Mibo Psychosocial Assessment Tool Independent Evaluation

Our Mibo Psychosocial Assessment Tool (PRMA) developed for rigour, balance, and accuracy…has been independently evaluated by the Griffith University RISE Research Centre and found to be a very high‑quality instrument, praised for its strong validity and reliability. Here’s the overview:

Evaluation of the Mibo Psychosocial Assessment Tool (PRMA) – Overview

The Reducing the Impact of Stress on Employees (RISE) Research Unit at Griffith University conducted a detailed evaluation of MIBO’s PsychosocialAssessment Tool(PRMA) in April 2025. The evaluation encompassed both the qualitative and quantitative (psychometric) aspects of the questionnaire, with the latter drawing on a dataset comprising the questionnaire responses of 598 workers. Major findings and conclusions from this evaluation are presented below:

Overview of the Questionnaire

The PRMA psychosocial assessment tool is a relatively short self-report instrument, requiring only 10 minutes to complete. It contains measures of a broad and contemporary range of variables relevant to workplace health, safety, and risk management. Questionnaire items are drawn from well-established sources and are organised into seven coherent sub-sections: psychosocial safety climate, work design, work environment, work relationships, work experiences, harmful behaviours, and negative outcomes. The questionnaire content has minimal overlap or redundancy. As such, it neatly complements other instruments frequently used in the risk management/occupational health safety fields including those that assess job satisfaction, work engagement, and physical and mental health outcomes.

Use of the Questionnaire

Completion of this psychosocial assessment tool takes approximately 10 minutes. The layout of both questionnaire versions is clear. Font size is large enough for all/most people who have restricted vision. Consistent and effective use is made of bold, italicised, and underlined typeface. Pre-programming enables questions that are irrelevant to particular groups of respondents to be skipped. The reading level of the PRMA is suitable for use with the general community/workforce. Question wording is clear, short, simple, specific, unambiguous, and appropriately-‘concrete’. Where relevant, questions specify the exact target, context, and time-frame to use when answering. Definitions and instructions are also worded using simple and succinct language. Questions are designed to be minimally affected by response biases, memory lapses, and deliberate dishonesty. Common flaws in questionnaire construction (e.g., use of ambiguous terms, technical jargon, double-barrelled questions, double negatives) are avoided. As a consequence, respondents readily understand what they are being asked and how they should respond.

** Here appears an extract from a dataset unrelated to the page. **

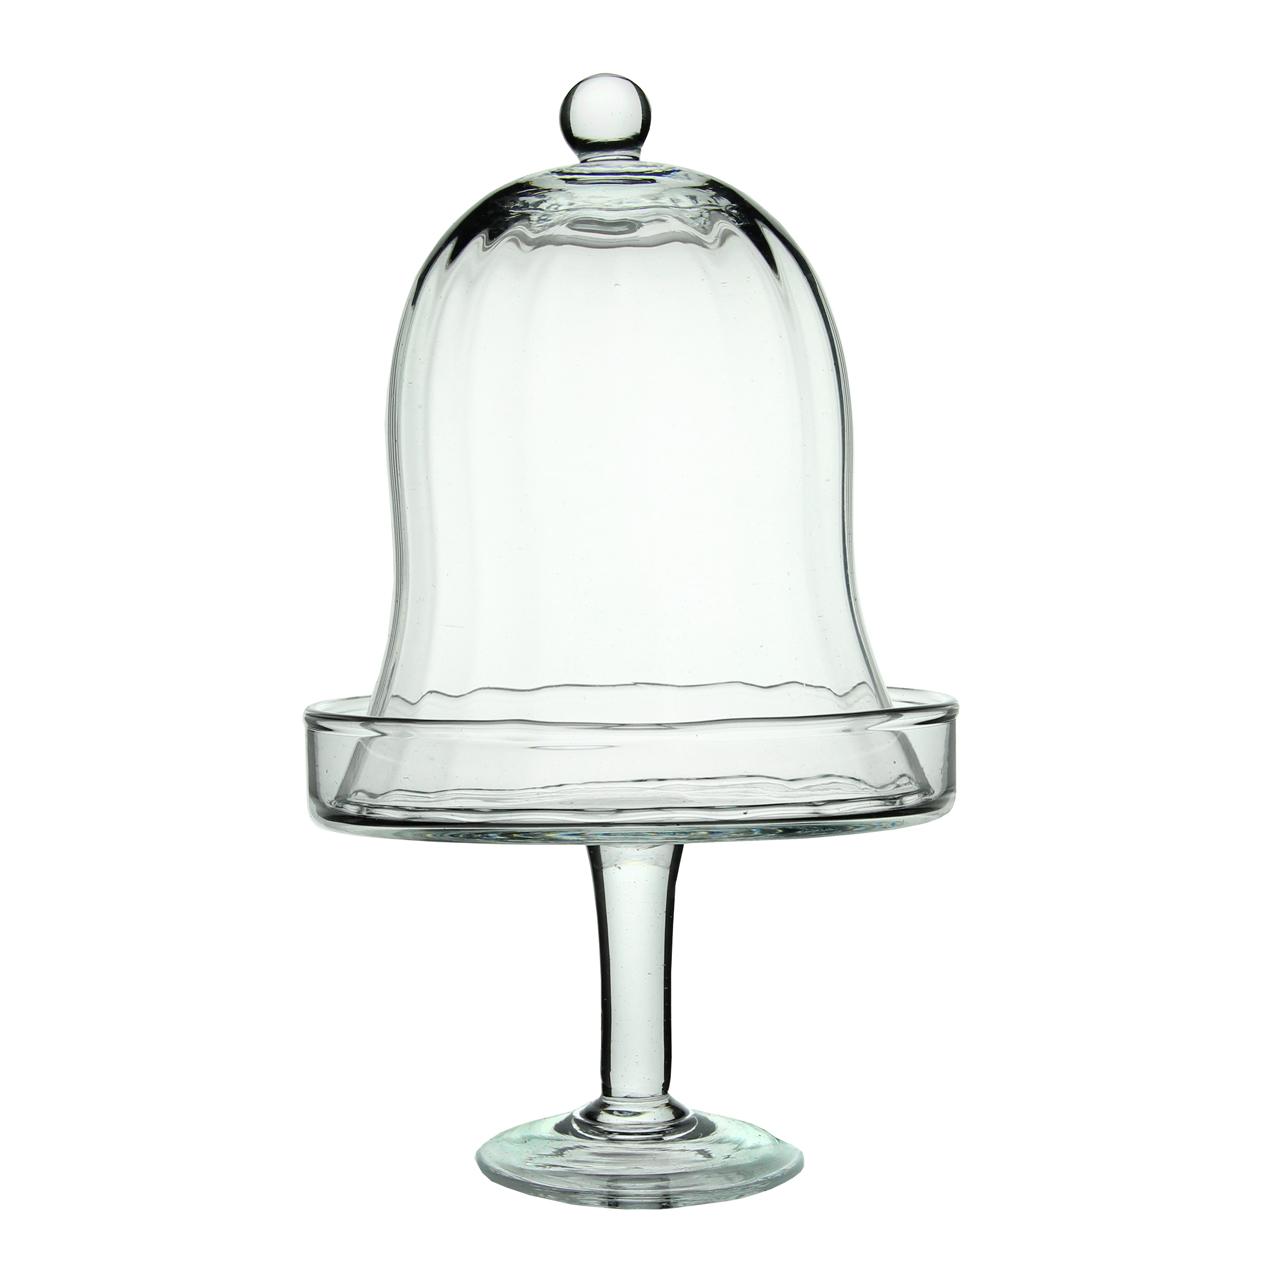 Platou Cu Picior Si Capac Clopot Din Sticla 15 Cm

Throughout the PRMA psychosocial assessment tool, questions are presented in a highly consistent manner, and are followed by a set of pre-determined (fixed, close-ended) response options. Where questions have the same set of responses, the options are labelled and ordered consistently. Together, these features reduce the burden on respondents, enable quick responding, encourage higher completion rates, and facilitate efficient (quantitative) data analysis.

The PRMA is designed and implemented in a manner consistent with the highest ethical standards. For example, participants respond anonymously or confidentially, and are informed that their responses will be securely stored and that their company would receive group averages only. Most questions are non-threatening and inoffensive; thus, they are unlikely to shock or embarrass. Most highly sensitive topics are avoided, or else, in the case of questions pertaining to harmful workplace behaviours, participants are given the option of not answering. Respondents who report exposure to harmful behaviour are given details of support services they can access if needed.

Reliability and Validity

The RISE evaluation included the computation of descriptive statistics, correlations, regression analyses, and both exploratory and confirmatory factor analyses. Together, the statistical analyses generated substantial evidence as to the reliability (internal consistency) and validity of both the PRMA questions and more than 20 multi-item scales to be derived from it. Item and scale norms were established. Items/questions and scales were shown to relate with each other in ways that are consistent with common sense, with major theories, and with contemporary research. For example:

  • The construct (theoretical) validity of the PRMA psychosocial assessment tool is evidenced by patterns of inter-item and inter-scale correlations that match those proposed by major risk management and occupational health and safety theories. For example, consistent with theory and past research, PRMA measures of job stressors and job resources each uniquely predict a range of negative work outcomes. Such matches between theoretical propositions, research findings, and PRMA data provide strong evidence of the construct validity of the questionnaire.
  • The concurrent (empirical) validity of the PRMA is demonstrated by findings that measures of similar constructs are positively correlated (convergent validity) with each other, while measures of different constructs are negatively correlated (divergent validity). For example, measures of job stressors are positively correlated with harmful work behaviours, whereas measures of job resources are negatively correlated with these behaviours.

Conclusion

The major conclusion to be drawn from RISE’s evaluation is that the PRMA psychosocial assessment tool is a very high-quality survey instrument. Its strengths include its brevity, relevance, user-friendliness, reliability, validity, adherence to ethical guidelines, and practical applicability. This independent evaluation by Griffith University confirms that the PRMA represents a scientifically validated psychosocial assessment tool suitable for Australian workplace psychosocial risk management.